Appellants committed the crimes of kidnapping, unlawful restraint, and child enticement when, without privilege to do so, they interfered with the custody rights of Jessica’s mother, refused to permit contact, and transported Jessica to Florida without her or her mother’s consent.
The plain language of R.C. 2307.60(A)(1) creates a civil right of action in favor of anyone who has been injured by a criminal act. The addition of the word “has” in the current, amended version of the statute, solidifies this interpretation-it guarantees that a victim of crime will have civil redress. Plus, the “and” in the “and may recover full damages” clause supplements that guarantee.

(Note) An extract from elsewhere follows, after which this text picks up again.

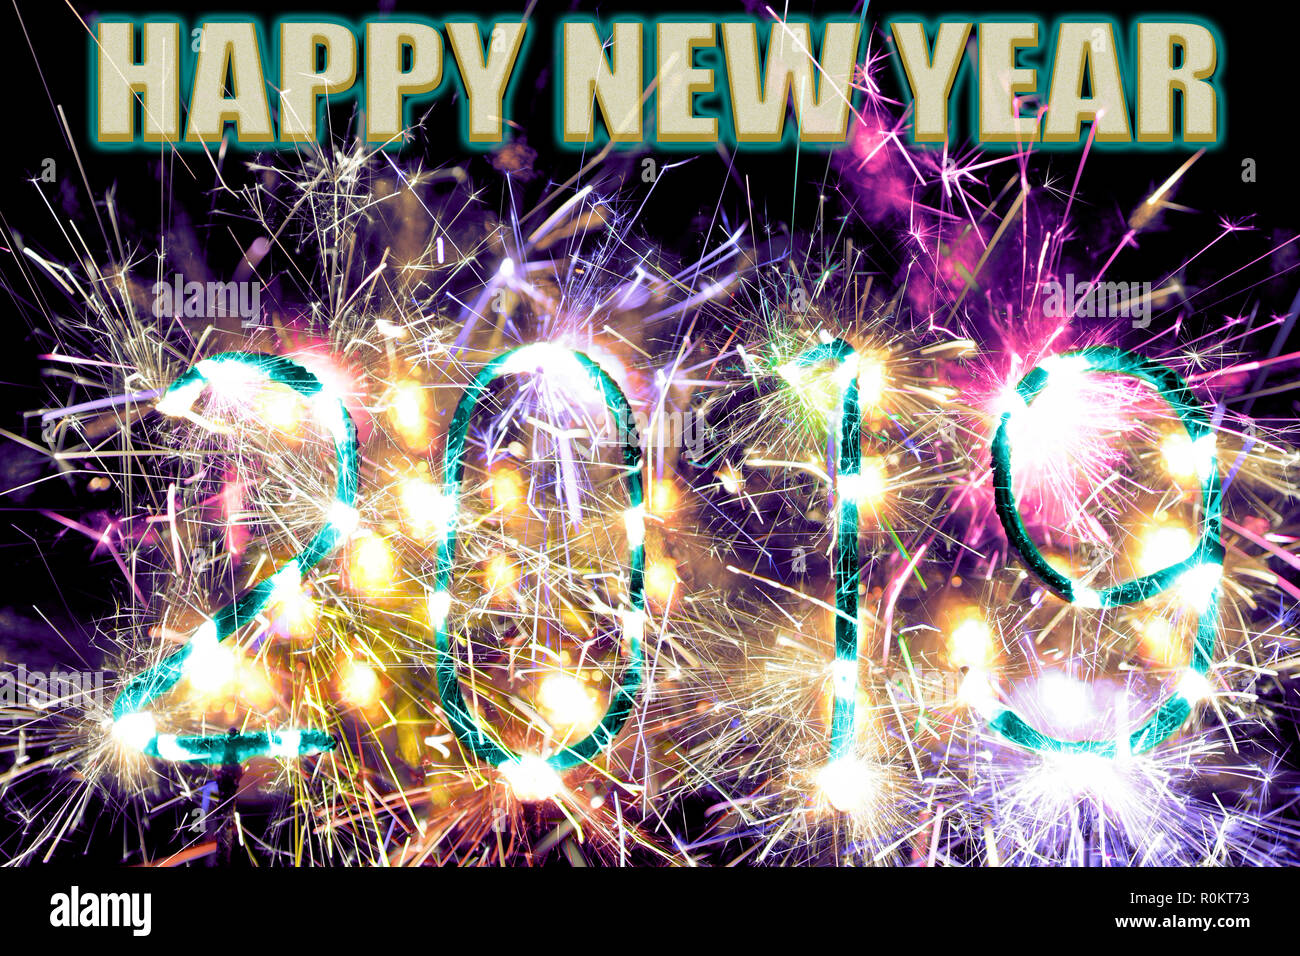 Feliz Año Nuevo 2019. Bengala fireworks número 2019 quema con el texto 'Feliz Año Nuevo'. Vibrante, colorida y llena de energía. Foto de stock
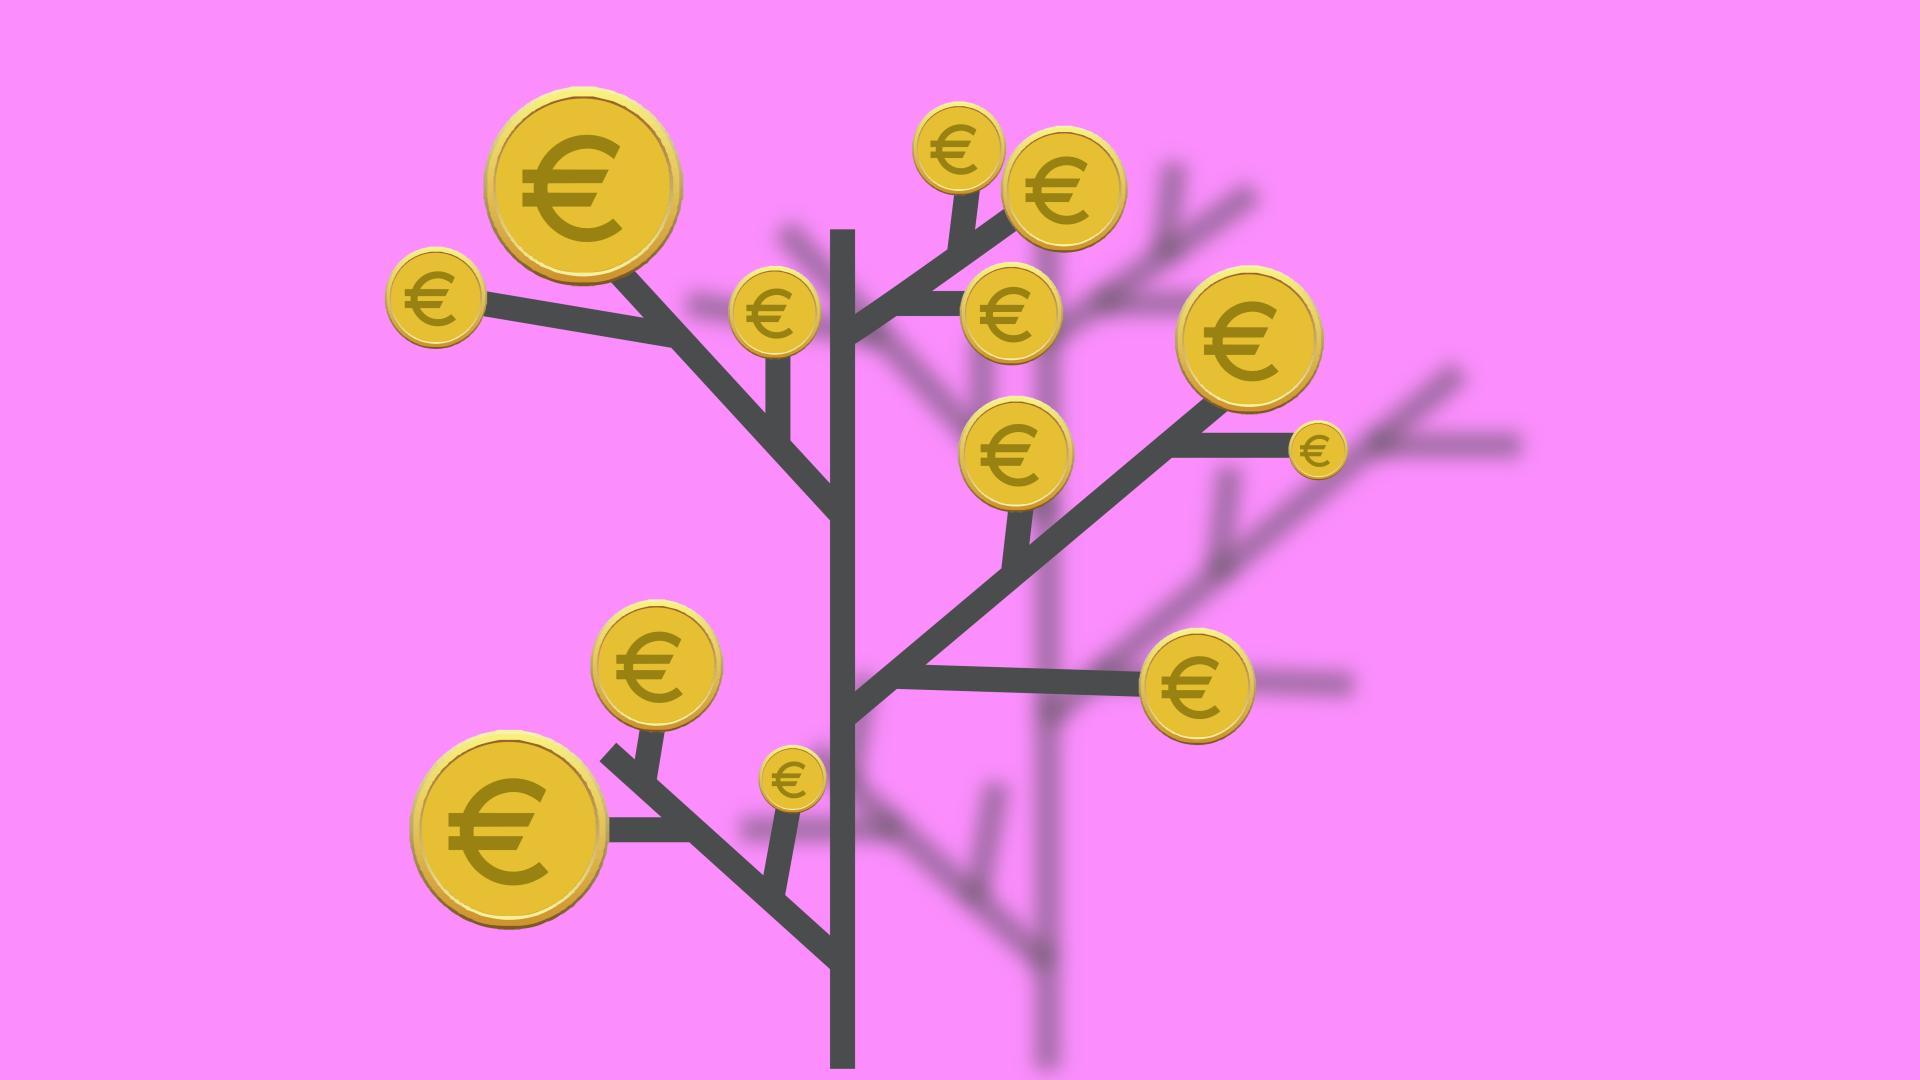 Des euros prêts a être récolte sur une branche

The right to the civil action itself is not conditioned on outside rules or laws. Provided that the claimant can demonstrate the injury and criminal act expressly required by R.C. 2307.60(A)(1), the court need not find outside authorization for the civil suit as the appellants would suggest.
Use of R.C. 2307.60 does not usurp the State’s exclusive authority to initiate criminal prosecutions; it merely authorizes recovery of damages resulting from criminal acts.
The court should apply R.C. 2307.60 in accordance with its plain meaning and allow Jacobson to continue a civil action for damages resulting from criminal acts.
Kaforey’s Proposed Proposition of Law
Revised Code 2307.60 is not an independent cause of action and merely codifies that a civil action is not automatically merged into a criminal proceeding.
Akron Children’s Hospital Proposed Proposition of Law
Revised Code 2307.60 does not independently authorize a civil action for violations of all criminal statutes based on the pleading of a criminal statute in a civil complaint, but merely codifies the common law principle that a civil action is not automatically merged into a criminal proceeding.
CCCHR’s Proposed Proposition of Law
The current version of R.C. 2307.60 does not independently authorize a civil action for damages caused by criminal acts, unless otherwise prohibited by law.